Finding: Admidio CVE-2026-47231 documents movesave IDOR affects file integrity [UNCONFIRMED, single-source]
Confidence: Low/Unverified
Source: GitHub Advisory Database, GHSA-x628-457g-2pw9 / CVE-2026-47231, from the 2026-05-30 evidence set. GHSA reports an IDOR in Admidio documents-files.php with mode=movesave. The item is new in the evidence set and sits outside the exclusion ledger.
Admidio owners should review document permissions and shared folder workflows. The priority rises where multiple users manage files in the same space or where file movement can affect governance, membership or operational records.
Finding: Admidio CVE-2026-47234 logs session IDs and auto-login cookie values [UNCONFIRMED, single-source]
Confidence: Low/Unverified
Source: GitHub Advisory Database, GHSA-mch8-wf3h-6x88 / CVE-2026-47234, from the 2026-05-30 evidence set. GHSA reports that session identifiers and auto-login cookie values can land in Admidio logs. The evidence set records this as fresh with no exclusion match.

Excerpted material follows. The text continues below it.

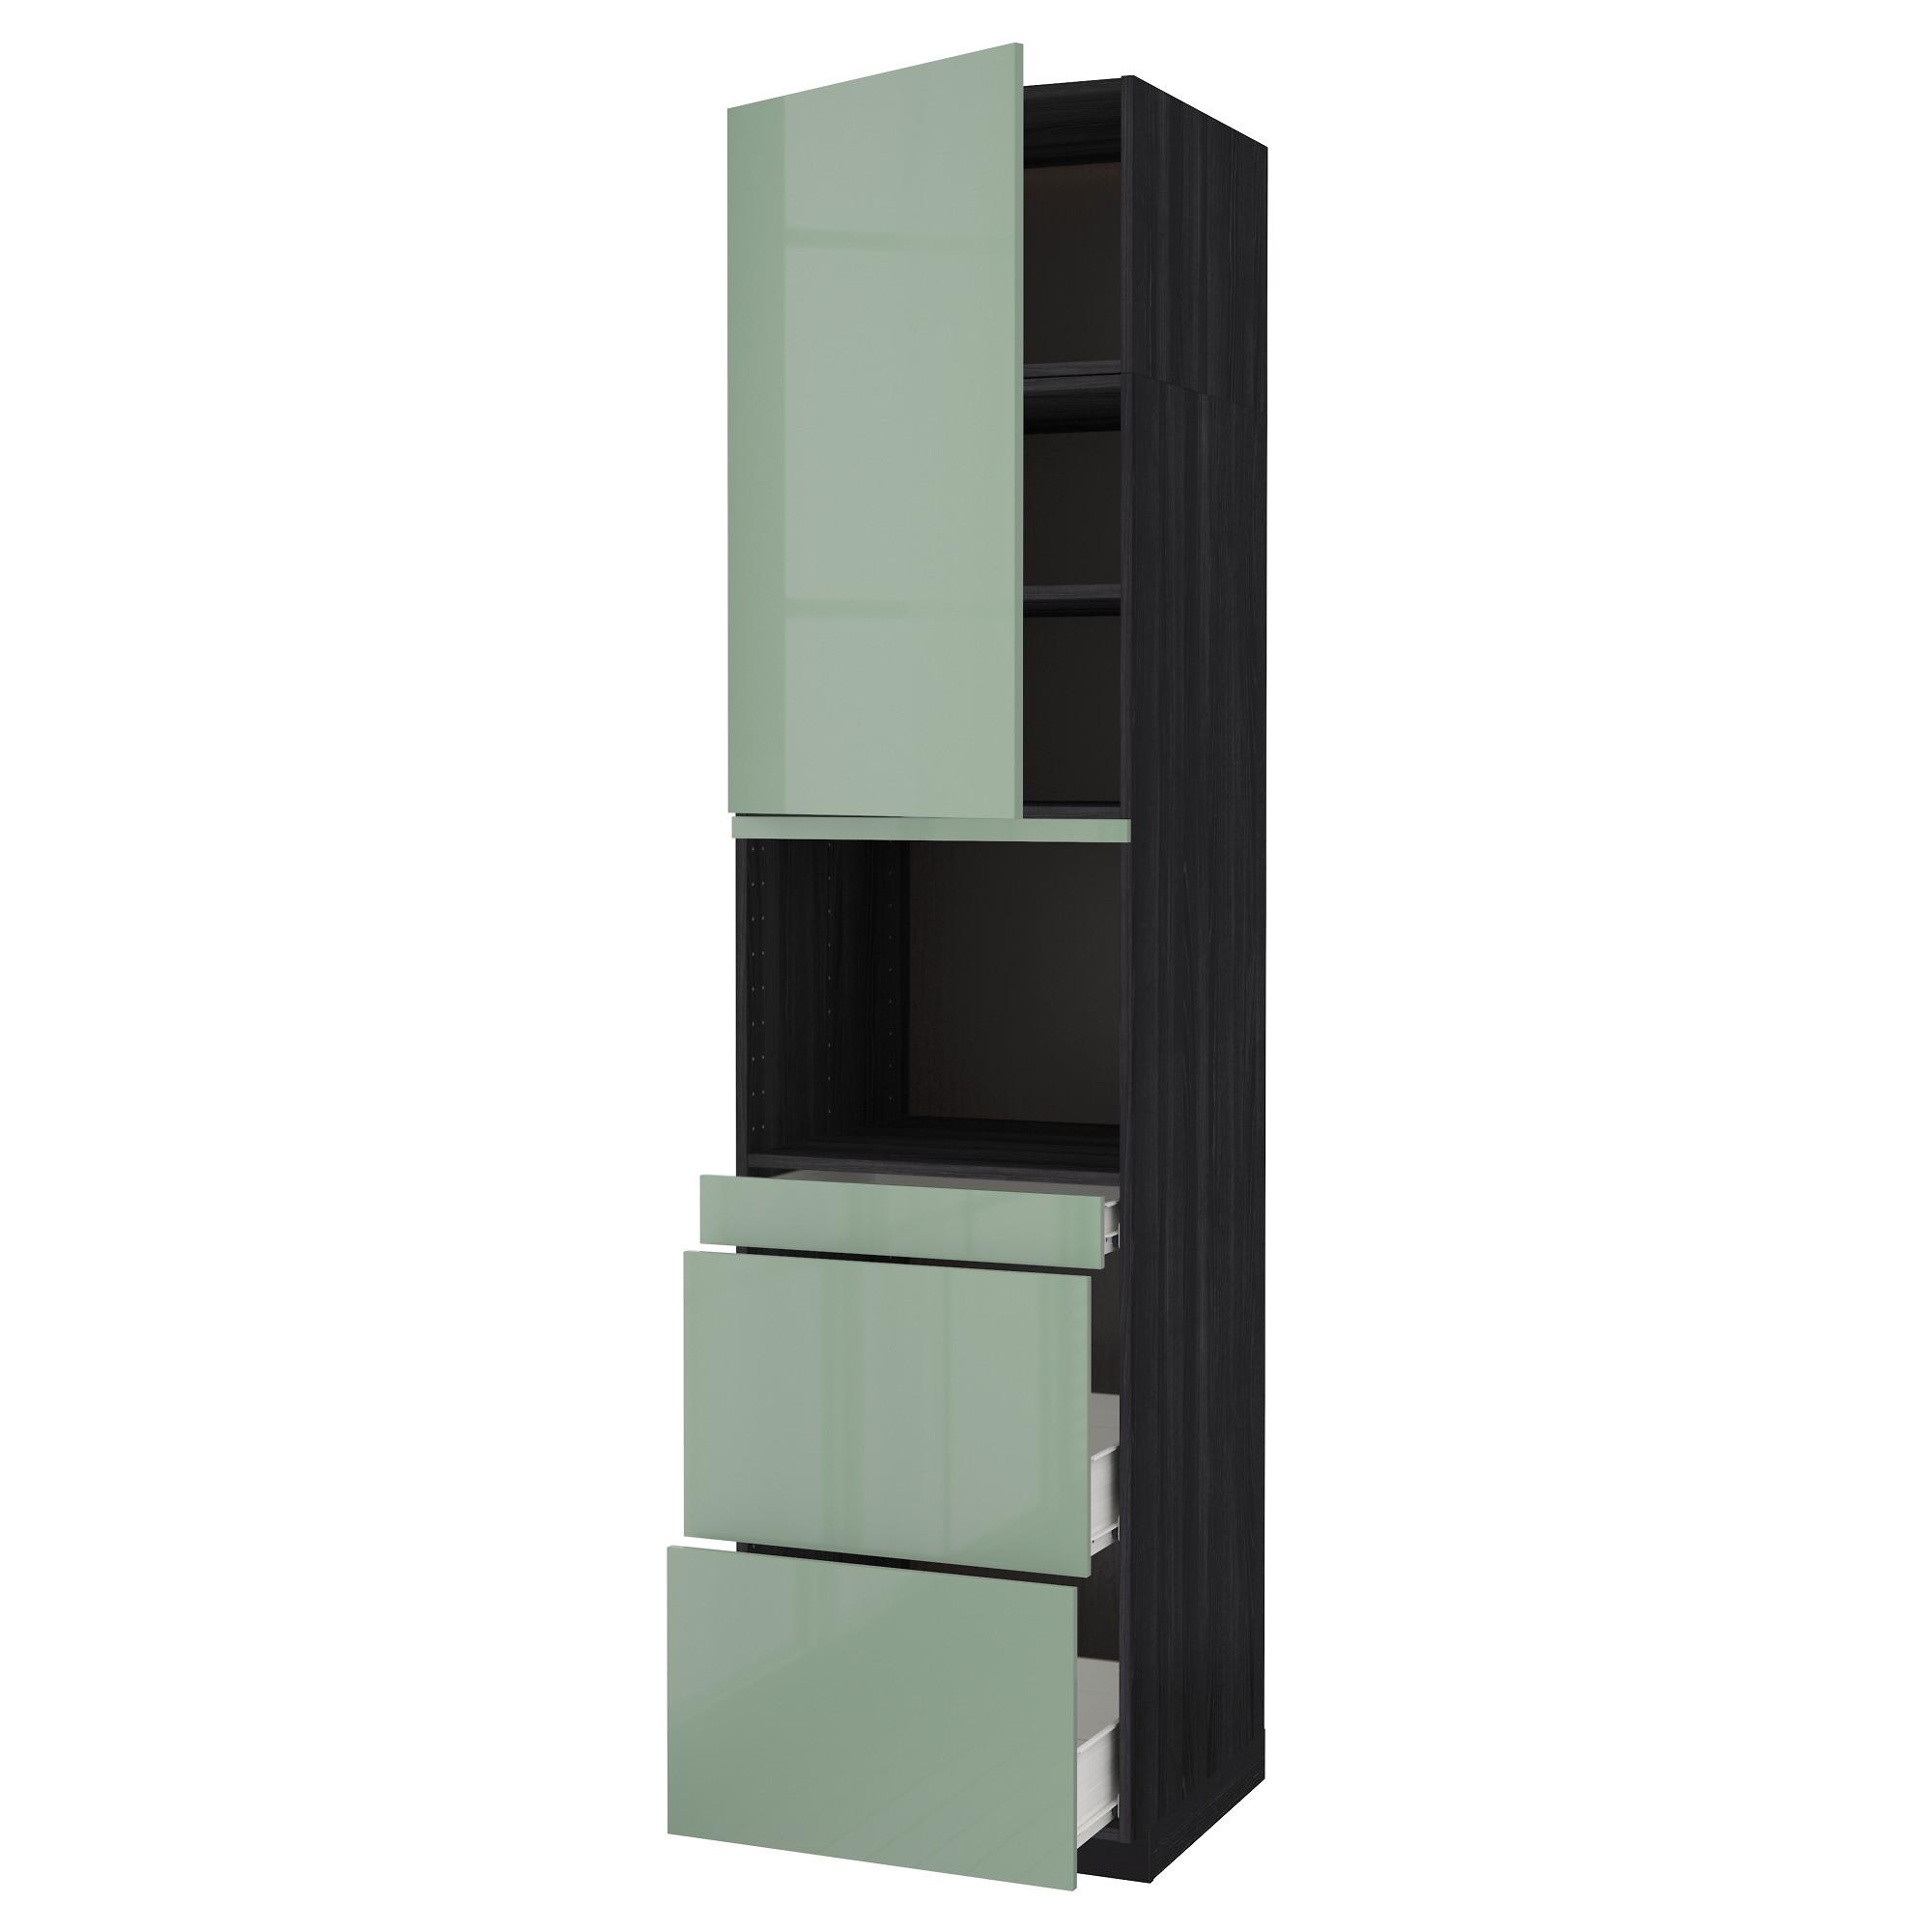 Высокий шкаф для СВЧ/дверца, 3 ящика МЕТОД / ФОРВАРА черный артикуль № 392.664.28 в наличии. Интернет сайт IKEA Республика Беларусь. Недорогая доставка и монтаж.

Patch planning should sit alongside log access review. Restrict who can read application logs, check whether historical logs contain reusable session material and expire affected sessions if owners confirm exposure.
Finding: Admidio CVE-2026-47232 PKCS#12 private-key export lacks CSRF protection [UNCONFIRMED, single-source]
Confidence: Low/Unverified
Source: GitHub Advisory Database, GHSA-4rgq-38mh-9xqg / CVE-2026-47232, from the 2026-05-30 evidence set. GHSA reports that Admidio PKCS#12 private-key export can be triggered without CSRF protection. The evidence set includes it because the current exclusion file does not contain it and the sweep recorded no ledger match.
Prioritise Admidio deployments that handle certificates or private-key material. Owners should apply advisory guidance and verify that sensitive export actions require CSRF-safe paths.
Update: FortiClient EMS CVE-2026-35616 active exploitation confirmed
Confidence: Medium
Previously covered as an older story; today's delta: The evidence set re-admitted CVE-2026-35616 after the 2026-05-29 10:33 sweep recorded activeexploitation_confirmed proof from SecurityWeek and The Hacker News reporting. Those reports say attackers are exploiting FortiClient EMS CVE-2026-35616 to deploy credential-stealer payloads. The evidence set did not include a fresh official Fortinet URL, so confidence stays at Medium rather than High.
This is the only exploitation-driven item in today's brief. Identify FortiClient EMS exposure, verify patch status and hunt for credential-stealer activity where EMS is internet-reachable or administratively exposed.
Why This Matters
Today's NEW findings are not a reason to alarm the business. They are a reason to find where fast-moving AI-agent examples, web-app components and community administration tools are deployed before small advisory items become messy ownership gaps.
The higher-priority action is separate: FortiClient EMS CVE-2026-35616 now has fresh exploitation reporting in the evidence set. That should move through exposure, patch and hunt checks ahead of the GHSA-only items.
- Recommended Actions
- Check PraisonAI and praisonai-platform exposure in labs, demos, customer PoCs, MCP endpoints, A2A examples and JWT configuration.
- Route Nezha, formie and Admidio findings to web-application owners for SSRF, IDOR, CSRF, record-integrity and log-secret checks.
- Treat FortiClient EMS CVE-2026-35616 as the active-exploitation priority: verify patch status and inspect for credential-stealer activity.
- Keep all ten GHSA-only NEW findings under 24-hour corroboration watch before using stronger language in external material.
- Keep suppressed or excluded stories out of executive escalation unless future sweeps provide strict material-update proof.
All findings grounded in a13e intelligence sweeps through 04:55 UTC 30 May 2026.